Anybody tried planting fruit trees such as apple and peach during the summer months? I know it's recommended to do it during the spring so the tree has longer to establish itself but was wondering if anybody had any positive or negative experiences from planting during early summer.


----------



## MELOC (Sep 26, 2005)

i would recommend alot of mulch and be sure it doesn't dry out to bad. if it dries out in the summer heat, it is toast.


----------



## Ravenlost (Jul 20, 2004)

It's really hard. You can't miss a day watering them and, if it's real dry, you should probably water twice a day...morning and evening.


----------



## MacfromNC (Nov 14, 2005)

how about ones that come potted instead of bare root?


----------



## Jennifer Brewer (Aug 3, 2005)

because they are on sale!

Go ahead and plant, just keep your new babies watered!
they won't fruit as fast as a spring or fall planted tree though.

I have an apple tree that I bought on clearance in summer, and did not plant at all till next spring. It was outside all winter and the only time it got watered is when it snowed. then when it was planted that spring it flowered and made a couple little apples, but i moved so i dug it up (in summer) and replanted the poor thing at my new house. couple more apples last fall. This year it is really doing well. loads of beautiful blossoms and we even had to thin the apples. And it wasonly in a 2 ga pot when I bought it, not huge.

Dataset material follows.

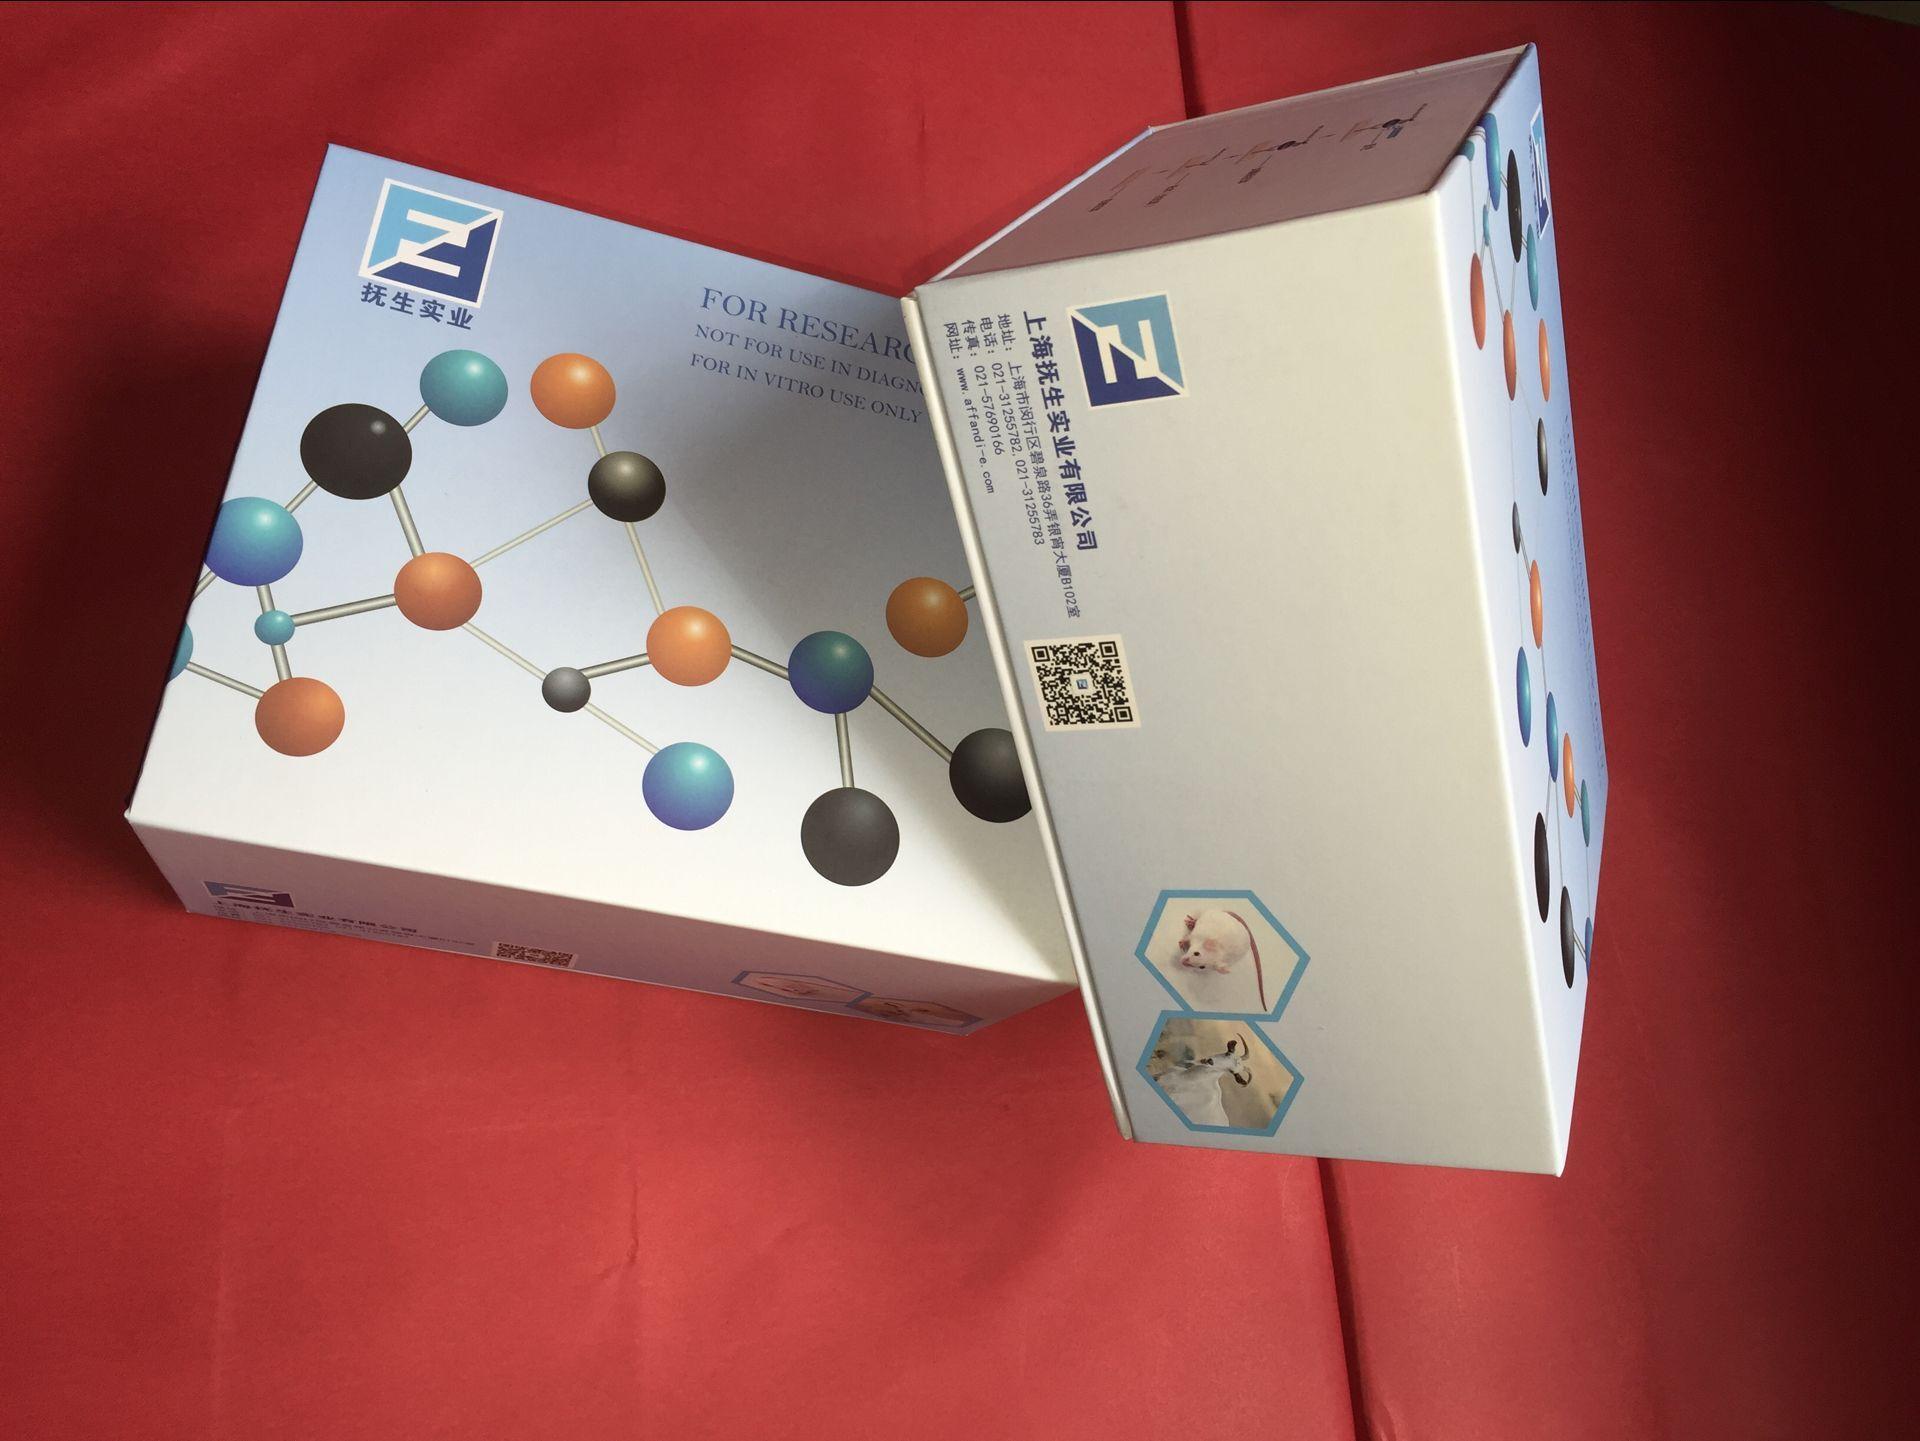 CA72-4 试剂盒品牌

I'm not saying you should do THAT, just that plants can be stronger than we sometimes give them credit for.


----------



## BeckyW (Mar 11, 2003)

As stated, the big deal is watering. The further south you are, the easier it is to plant in the off-season. Since you've found an assortment of trees on sale, I would suggest you plant in a "holding" bed of your best soil for this season then transplant next spring to the permanent site. Go walk a nursery and look at the soil/set-up they use for their raised-bed-planted trees then duplicate that at home. I did this occasionally when we lived in southern California and it always worked out just fine.
BW


----------



## tyusclan (Jan 1, 2005)

If it's potted you'll be fine. As everyone has said, water is key. I also would not let it fruit next year. Pick off any blooms to give the roots another year to get established.


----------